__MATERIAL PROVIDED__.
------------------------------------

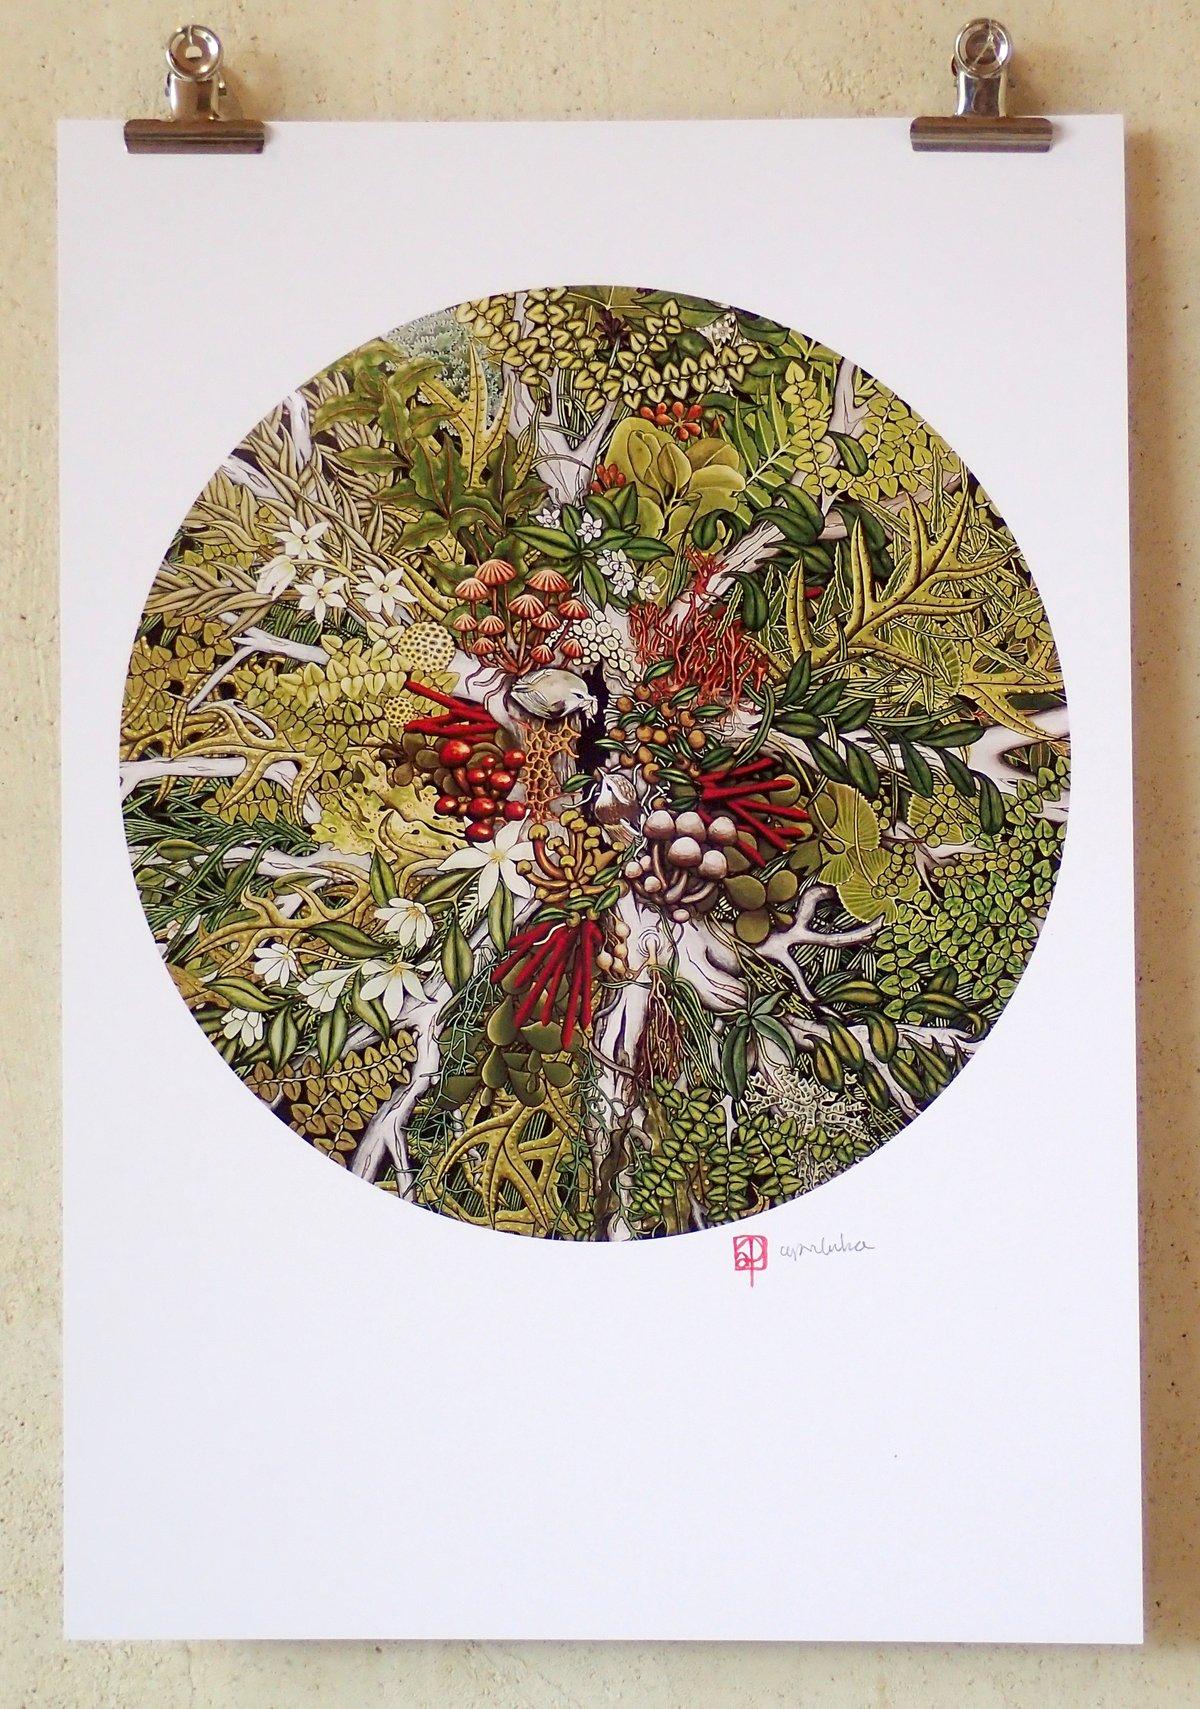 'Canopy Ecosystem' A3 Print
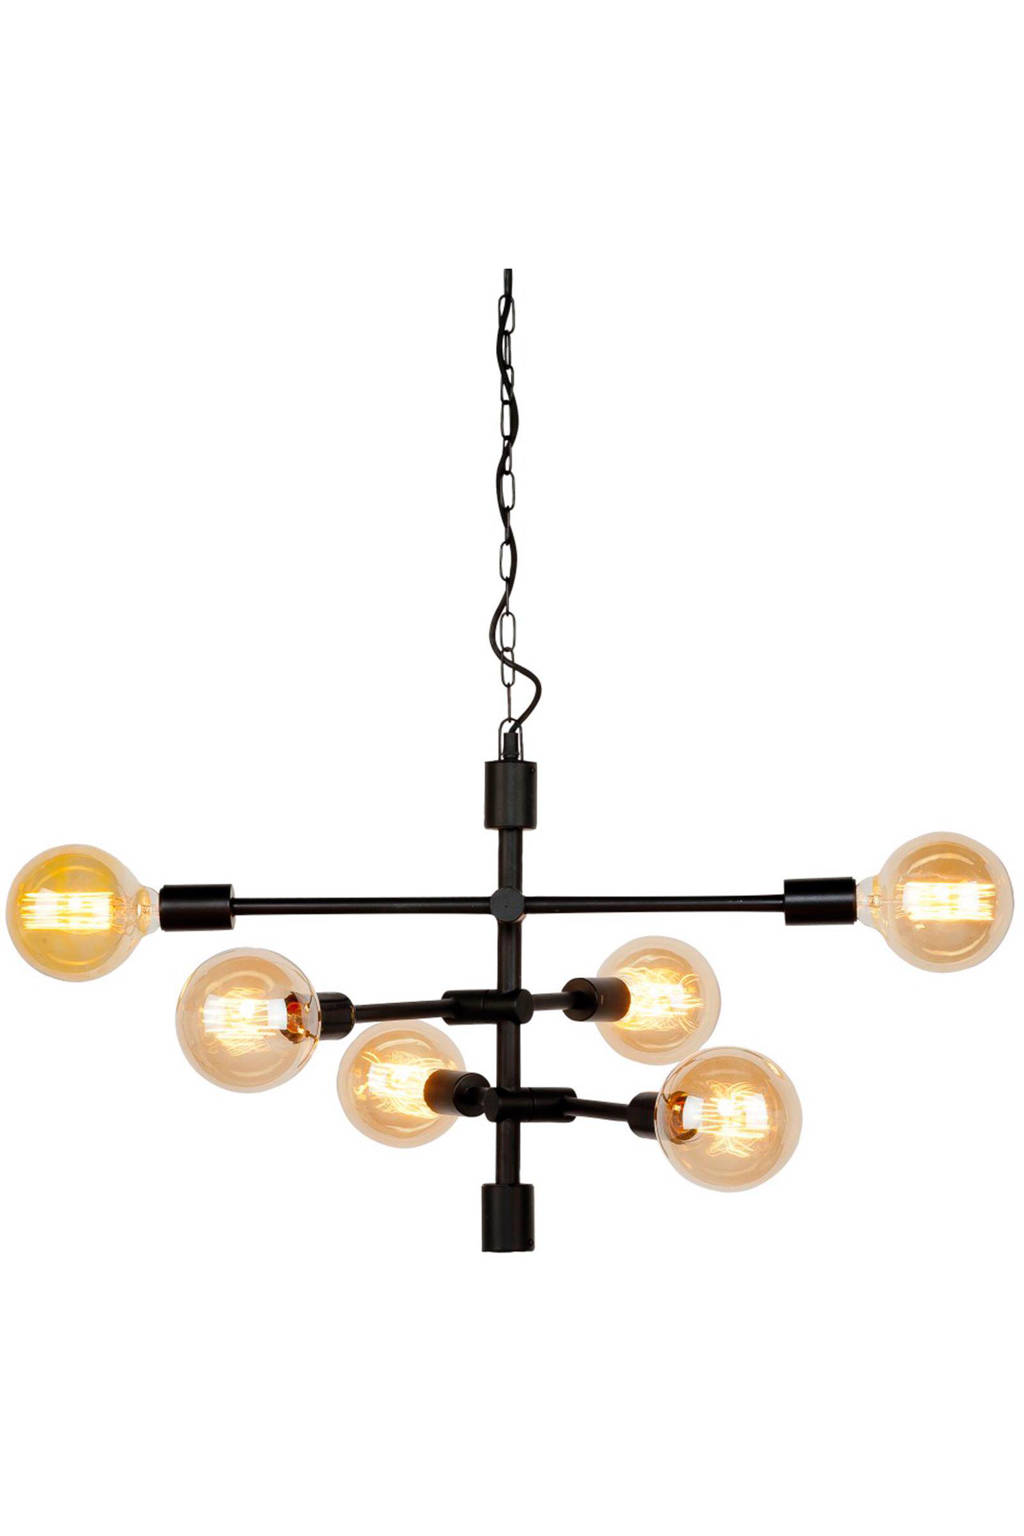 It's about RoMi hanglamp Nashville, Zwart
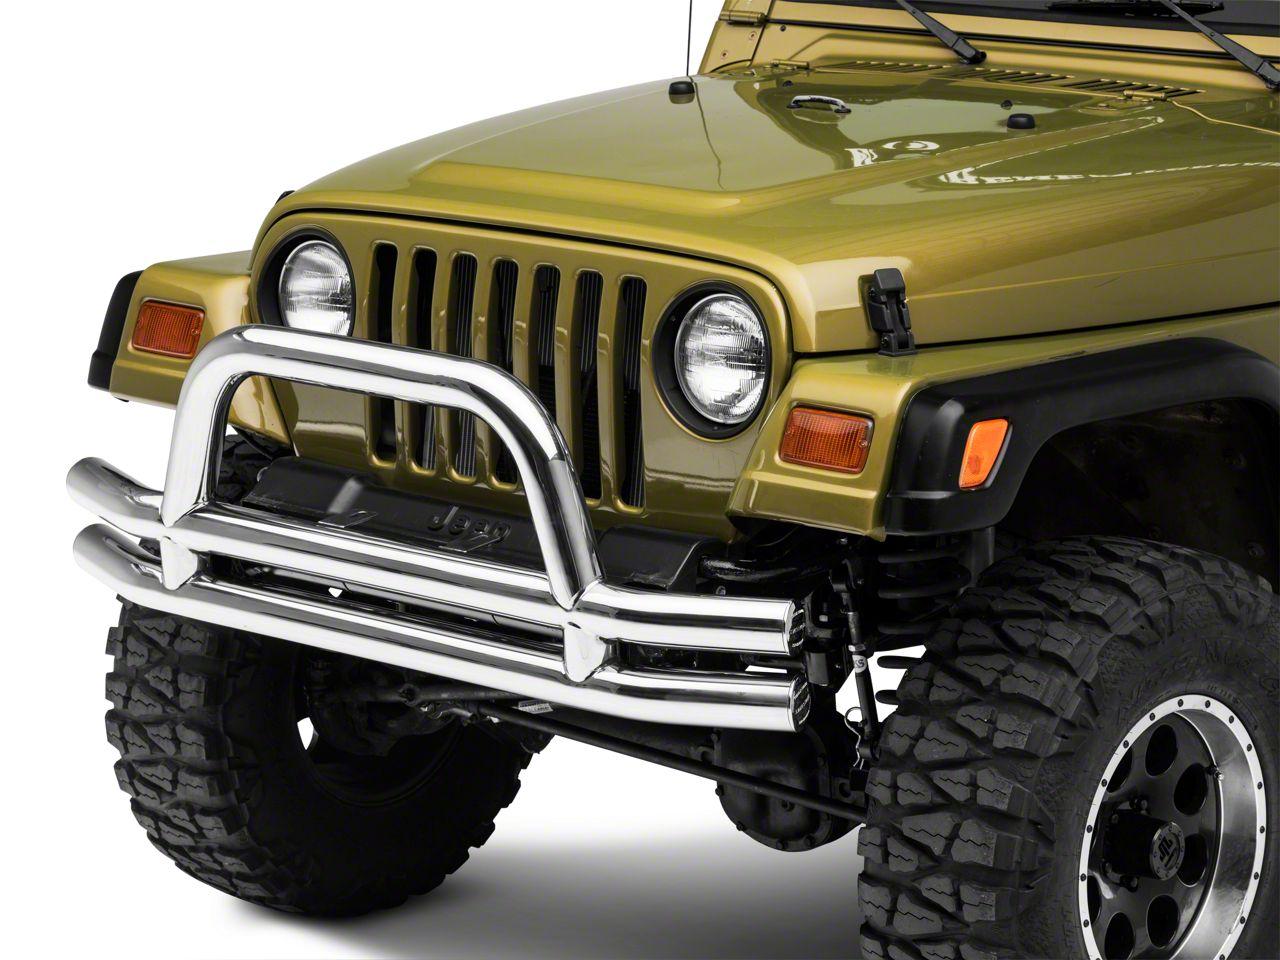 Smittybilt Tubular Front Bumper w/ Hoop - Stainless Steel (87-06 Jeep Wrangler YJ & TJ)

------------------------------------

Exactly as written, restate the lines from the one that contains "It's about RoMi hanglamp Nashville, Zwart" through the final line of the data, both ends included, but leave out the pictures.

__THE ANSWER__.
 It's about RoMi hanglamp Nashville, Zwart
 Smittybilt Tubular Front Bumper w/ Hoop - Stainless Steel (87-06 Jeep Wrangler YJ & TJ)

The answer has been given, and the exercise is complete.